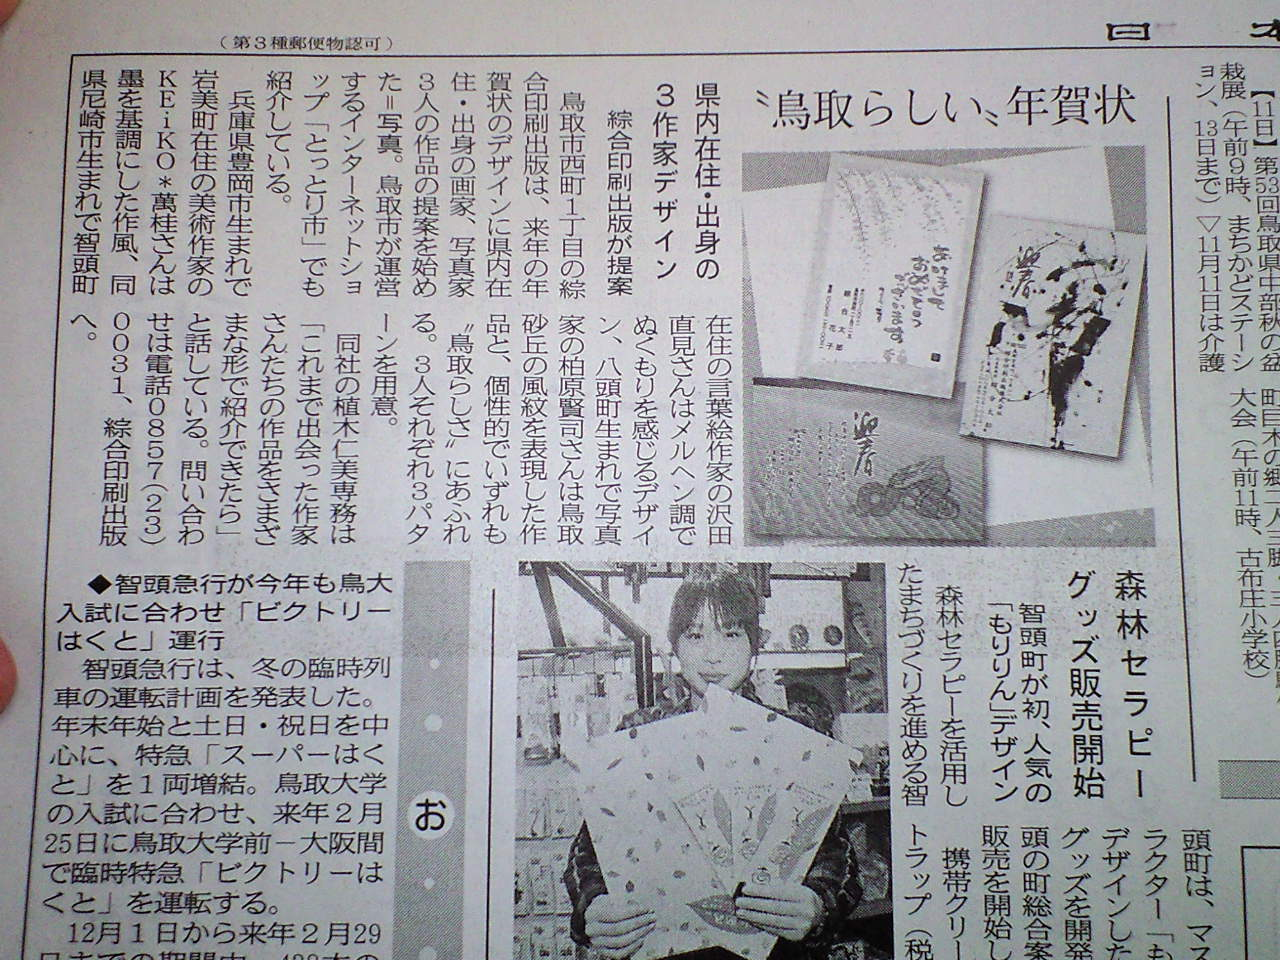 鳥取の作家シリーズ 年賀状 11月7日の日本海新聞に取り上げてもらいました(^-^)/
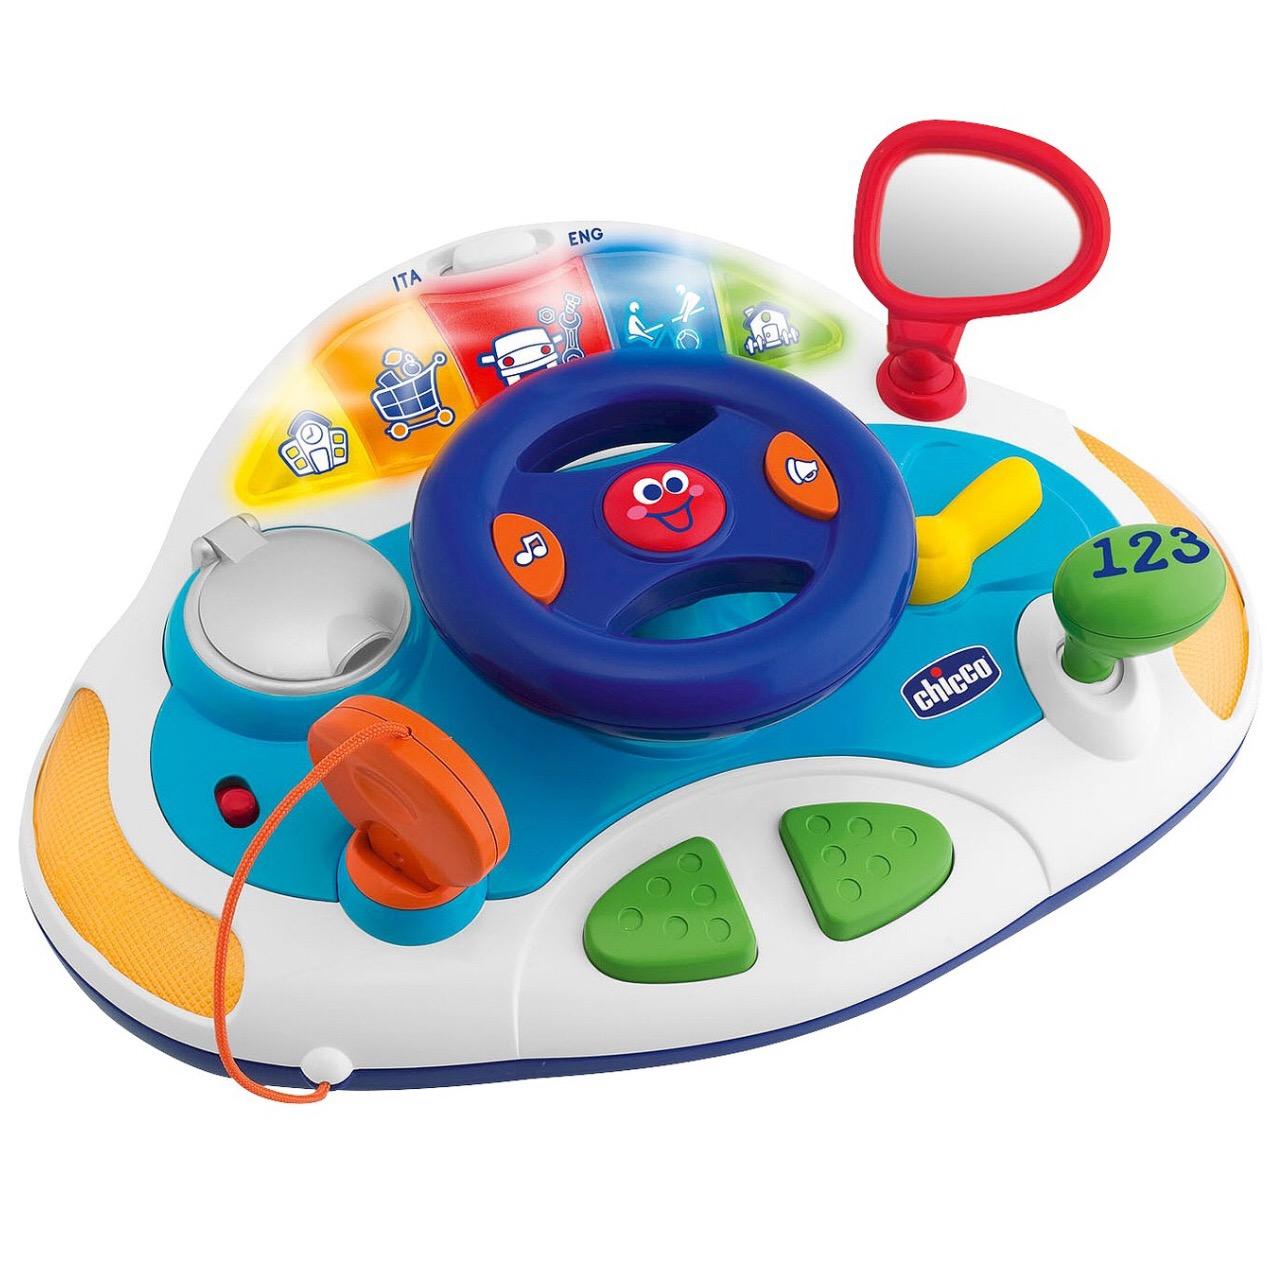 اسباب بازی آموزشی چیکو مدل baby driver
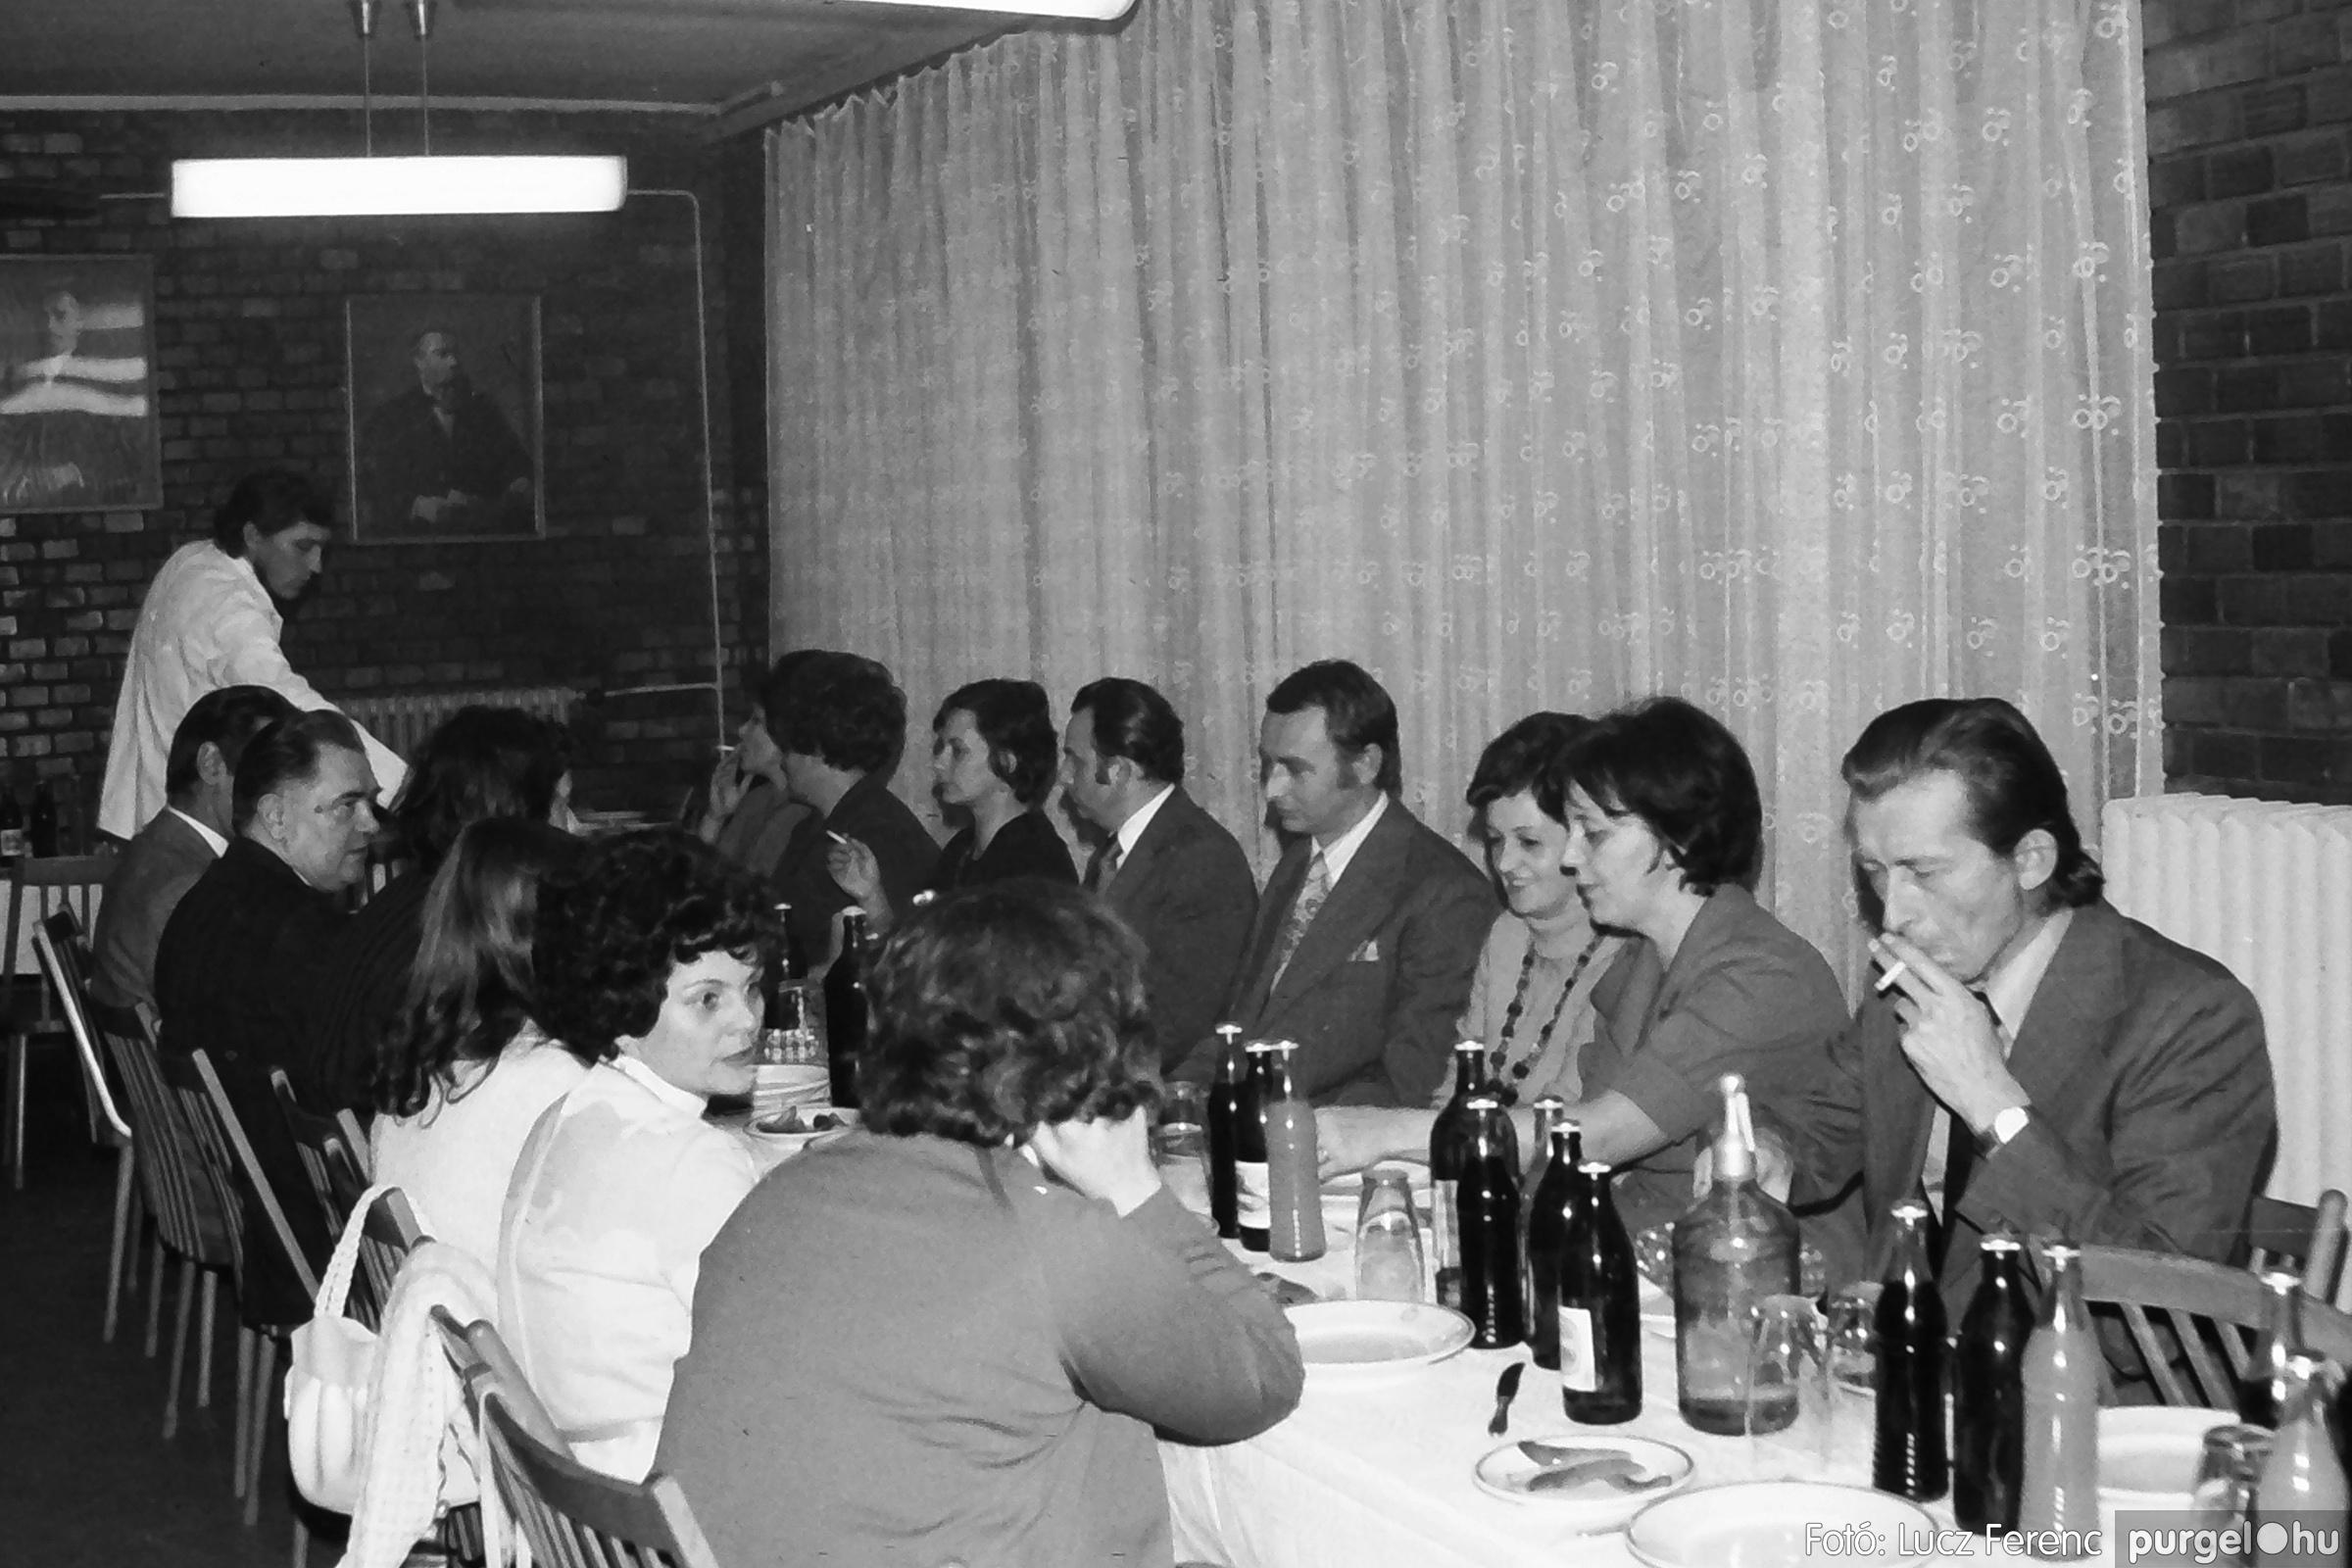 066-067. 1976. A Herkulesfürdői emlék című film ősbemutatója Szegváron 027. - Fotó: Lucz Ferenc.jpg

### DESCRIPTION OF THE TASK
Copy out, with no pictures, the lines from the one containing "اسباب بازی آموزشی چیکو مدل baby driver" through the last line of the data above, both ends included and each word unchanged.

### ANSWER SPACE
 اسباب بازی آموزشی چیکو مدل baby driver
 066-067. 1976. A Herkulesfürdői emlék című film ősbemutatója Szegváron 027. - Fotó: Lucz Ferenc.jpg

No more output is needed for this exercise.